4. Показания эпителиального монослоя

  1. Измерение трансэпителиального электрического сопротивления (TEER)
    ПРИМЕЧАНИЕ: Измерения TEER широко приняты в качестве метода анализа динамики плотных соединений и целостности барьерной функции в биологических моделях физиологических барьеров, таких как эпителиальные монослои28,29. Увеличение TEER после дифференциации из-за повышенного клеточного взаимодействия в плотных соединениях может быть измерено с помощью ручного измерителя TEER или автоматизированного измерительного робота TEER.
    1. Измерение TEER с помощью ручного измерителя TEER
      1. Очистите электрод 70% этанолом и дайте ему высохнуть на воздухе внутри шкафа биобезопасности. Поместите электрод в трубку, содержащую BM. Подключите электрод к ручному измерителю TEER. Поверните переключатель Function для измерения в Омах (Ω). Включите выключатель питания .
      2. Поместите короткий электрод в апикальный отсек вставки, а длинный электрод расположен в базолатеральном отсеке (рисунок 6А). Избегайте прикосновения к монослою.
      3. Измерьте сопротивление в пустой скважине (Rblank), а затем измерьте оставшиеся образцы (R sample) таким же образом. Промывайте электрод с БМ между образцами с различными условиями. Очистите электрод сначала полуводой, а затем 70% этанолом и дайте ему высохнуть на воздухе.

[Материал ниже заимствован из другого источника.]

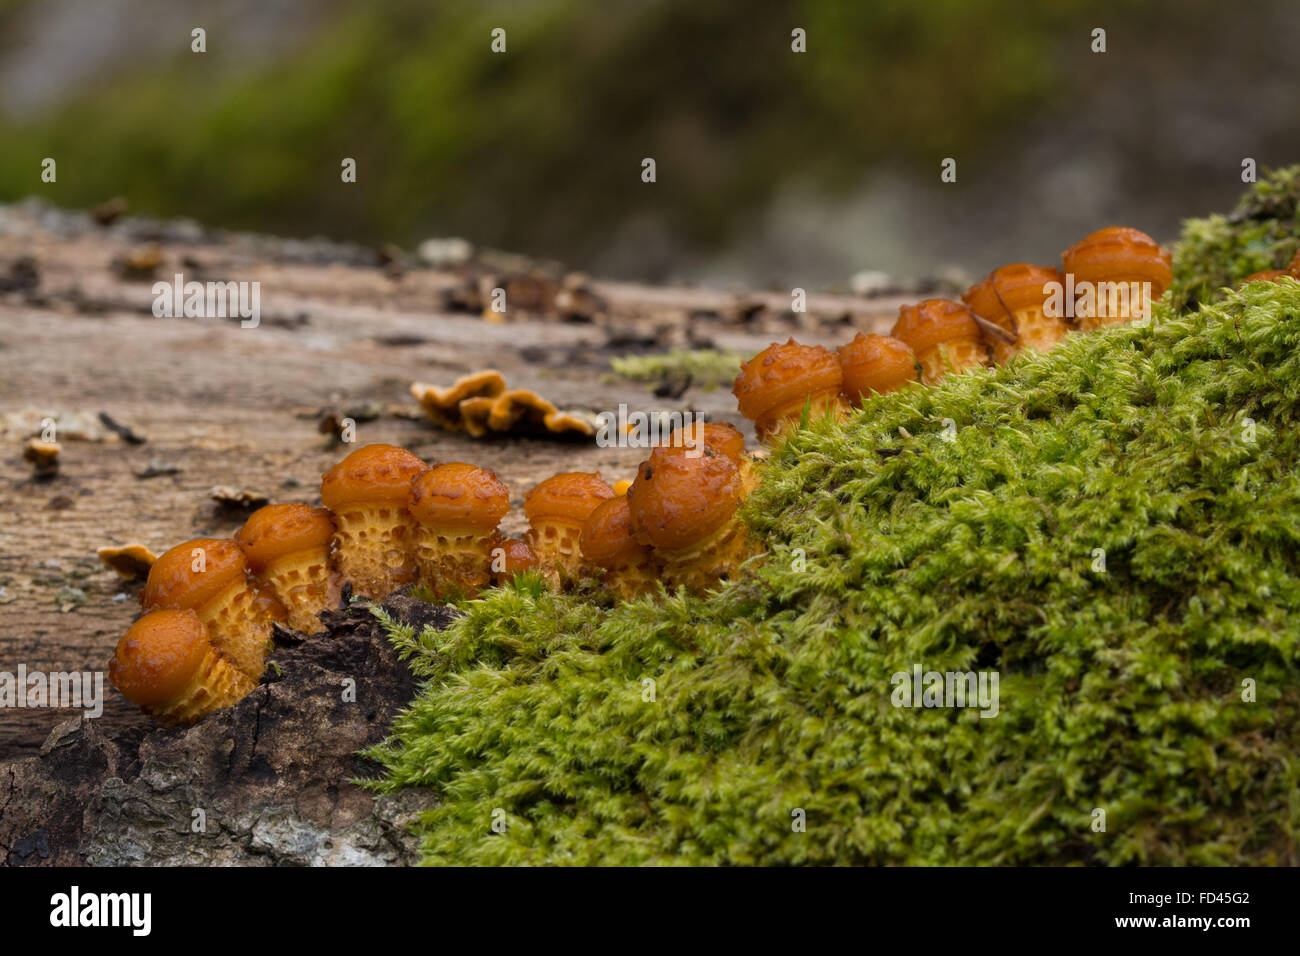 Row of toadstools on oak tree stump in New Forest, Hampshire, England Stock Photo
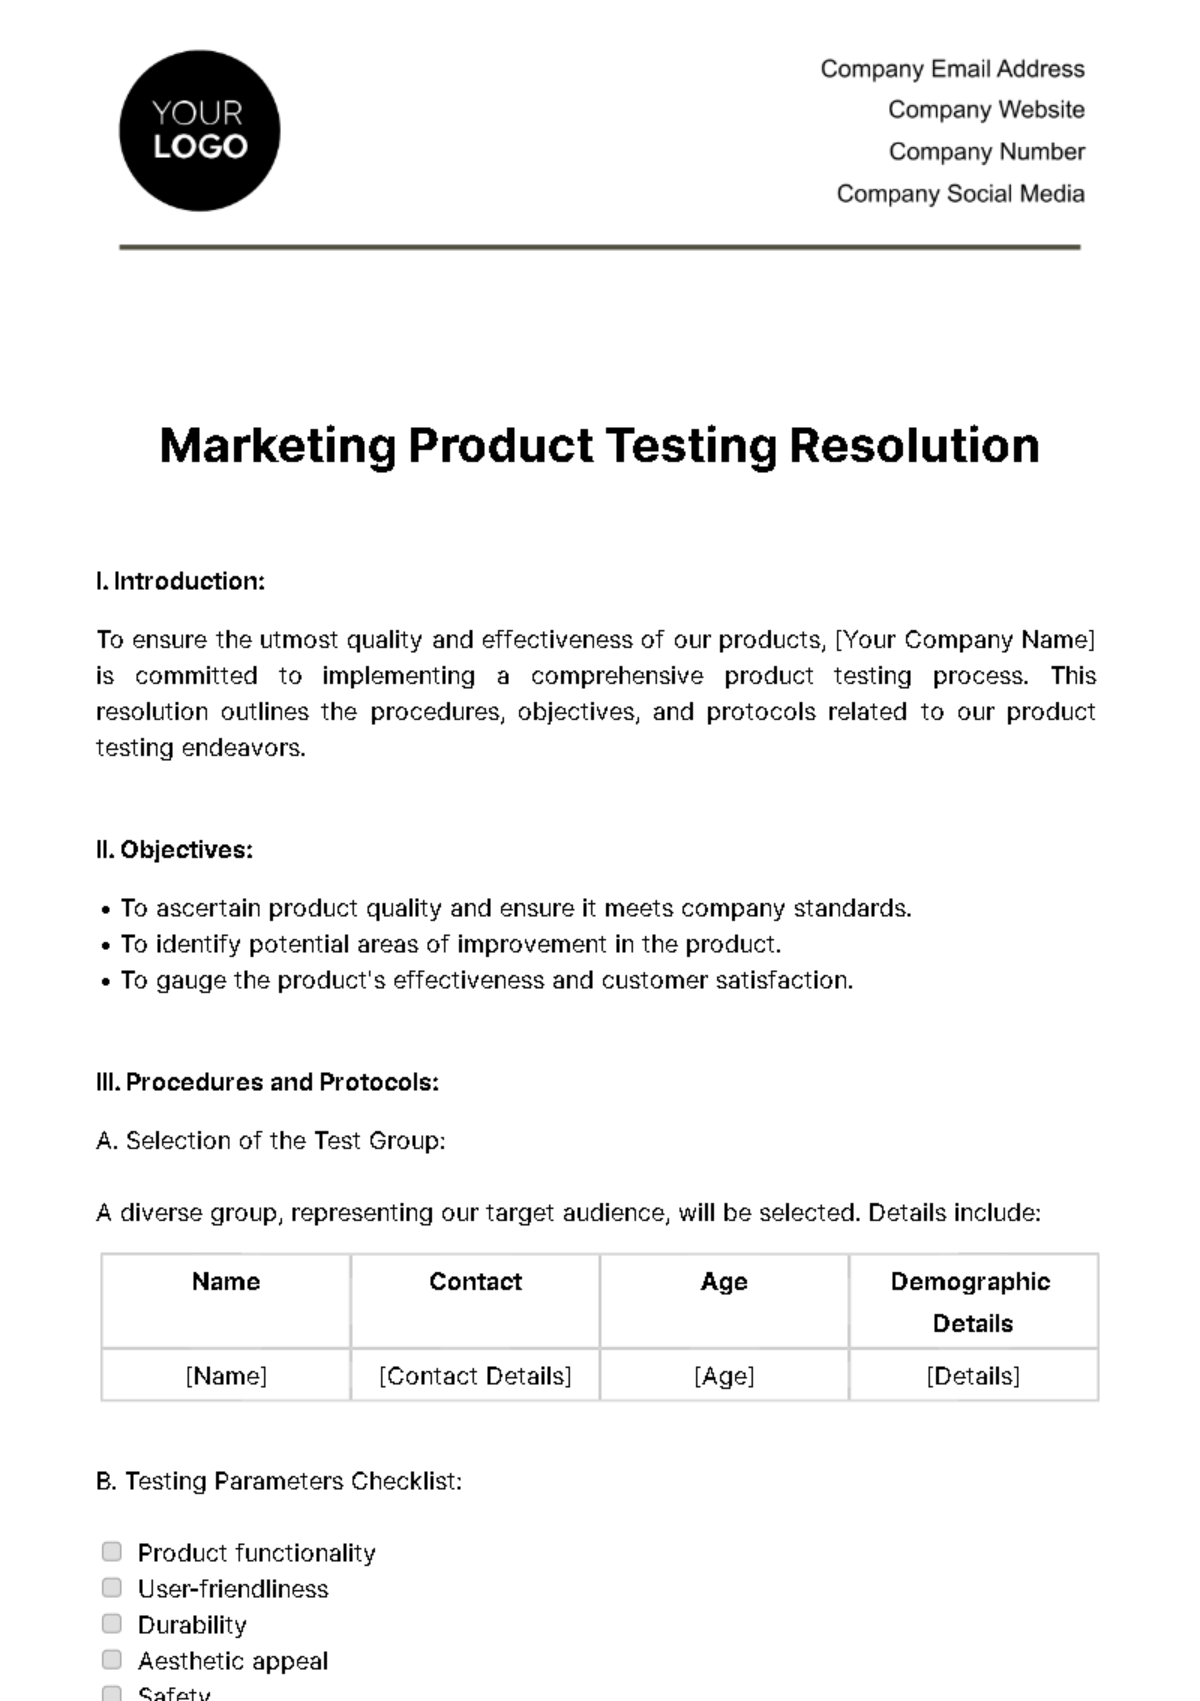 Marketing Product Testing Resolution Template

      4. Расчет TEER (Ω·см2): [образец R (Ω) -R бланк (Ω)] × площадь мембраны (см2) (таблица 1 и рисунок 6B).
    2. Измерение TEER с помощью автоматизированного измерительного робота TEER (Таблица материалов)
      1. Выполнение автоматизированных измерений TEER при использовании систем HTS для плит HTS с 96 и 24 скважинами, содержащими мембранные вставки. Используйте различные электроды для измерения TEER для обоих типов (мембранные вставки 24- и 96-HTS). Чтобы измерить TEER с помощью автоматизированного измерительного робота TEER, следуйте инструкциям производителя.
  2. Измерение целостности и проницаемости эпителиального барьера
    ПРИМЕЧАНИЕ: Этот протокол вводит люциферово-желтую проницаемость от апикального к базолатеральному компартменту в качестве показателя целостности монослоя. В этом разделе описывается измерение флуоресценции в базолатеральном компартменте после стадии инкубации 1 ч для оценки монослойной проницаемости и, следовательно, барьерной целостности. Это измерение является анализом конечной точки и особенно полезно при тестировании соединений на предмет их влияния на целостность барьера.
    1. Разморозьте Люцифера Желтого на льду, и пусть БМ уравновесится до RT. Для одной 24-луночной пластины мембранных вставок готовят 5 мл рабочего раствора 60 мкМ Люцифера Желтого в БМ.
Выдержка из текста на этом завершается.